As the amount of reporting has increased, so too has the reliance on the GRI. Companies such as Gildan Activewear, which had been communicating a range of non-financial information since 2004, have voluntarily developed more robust, internationally comparable reports in their most recent communications.

On an international level, Canadian companies have played a role in the development of voluntary standards. Bell Canada, the phone company present in every household until the deregulation of the telecommunications market in recent years, was a founding member of the Global e-Sustainability Initiative (GeSI) dedicated to making electronics more environmentally sustainable.

While GeSI’s membership is dominated by European and US companies, the Canadian sustainability team at Bell played an active role in both developing GeSI and in promoting its work among their peers in what is an otherwise fiercely competitive industry.

Antagonism just below the surface

Yet NGOs continue to have more than a few axes to grind with corporations. Rainforest Action Network and Mining Watch are two Canadian activist watchdogs that regularly critique resource extraction activity. They picketed outside the headquarters of Royal Bank of Canada in June last year demanding that the bank cease investing in Alberta oil sands projects.

RBC is a signatory of the Equator Principles – as are the other four major Canadian banks – but, according to the NGO community, it is debatable to what effect.
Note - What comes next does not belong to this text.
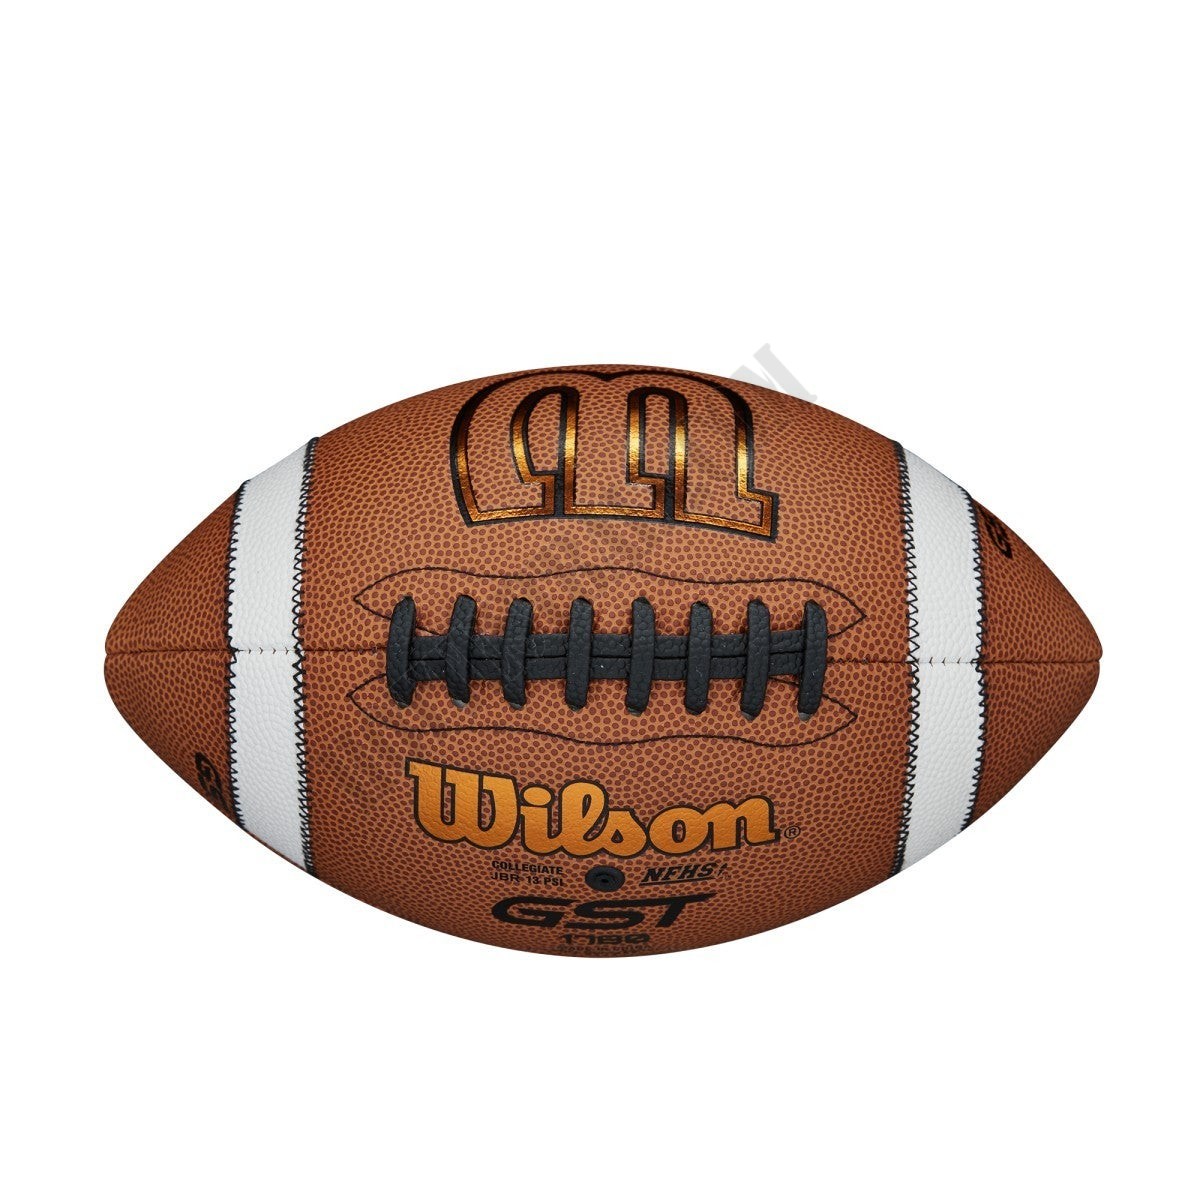 GST Composite Football - Wilson Discount Store - -3

In 2004, in response to a question as to whether or not the principles have caused RBC to turn down applications for funding, Sandra Odendahl, RBC’s senior manager in environmental risk management, said: “There are usually a lot of reasons why a deal doesn’t go through – to put it down to just the Equator Principles would be naïve in the extreme.”

At that point, according to Odendahl, the bank had applied the principles in three cases: a Canadian oil sands project and two developing country oil and gas projects. And yet, fast forward to 2009 and RBC is, according to Rainforest Action Network, the largest financial backer of the oil sands.

While it would be tempting to view the melée at RBC’s doorstep as an isolated Canadian circumstance – Canadian activists targeting Canadian banks investing in Canadian projects – the potential for impact is international in scope. Canadian financial institutions are key investors in the extractive sector. In 2006, Canadian extractive interests were active in 108 countries, according to a report from the Canadian Centre for the Study of Resource Conflict.

When the relatively educated, democratic, networked, and internet savvy population is taken into account, the voices of Canadian activists have the potential to shape the way resources are extracted globally perhaps more than any other NGO community in the world.

Frustrated by business

Even the more business-friendly NGOs such as WWF have their frustrations. Hadley Archer, WWF Canada’s vice-president for strategic partnerships, says that the scale of the action is nowhere near the scale of the problem. “It’s the biggest companies that need to change, but they are the ones that are the most conservative and most likely to take an incremental approach. We need a new paradigm and it will be exciting and good for the economy, but it’s hard to get there.”

Examples of wider NGO-corporate collaboration, such as the Forest Stewardship Council and Marine Stewardship Council certification processes, are often cited as success stories. However, as Archer points out, “it’s a 10 to 15 year cycle for one commodity certification, and not everyone’s going to be happy with it”. He argues that as FSC doesn’t tackle climate change, for example, it is now attracting criticism from environmental NGOs, despite the fact it’s a “wonderful system [with] great market uptake”.

Canadian NGOs and industry associations do collectively recognise the scope of the challenge, and they continually try to rally their constituents, some more delicately than others.

Lynda Yanz of MSN sums it up neatly: “These problems are pervasive, persistent and systemic and cannot be eliminated without collaboration with competitors, NGOs and unions. There really can be benefits to honesty, transparency and collaboration.”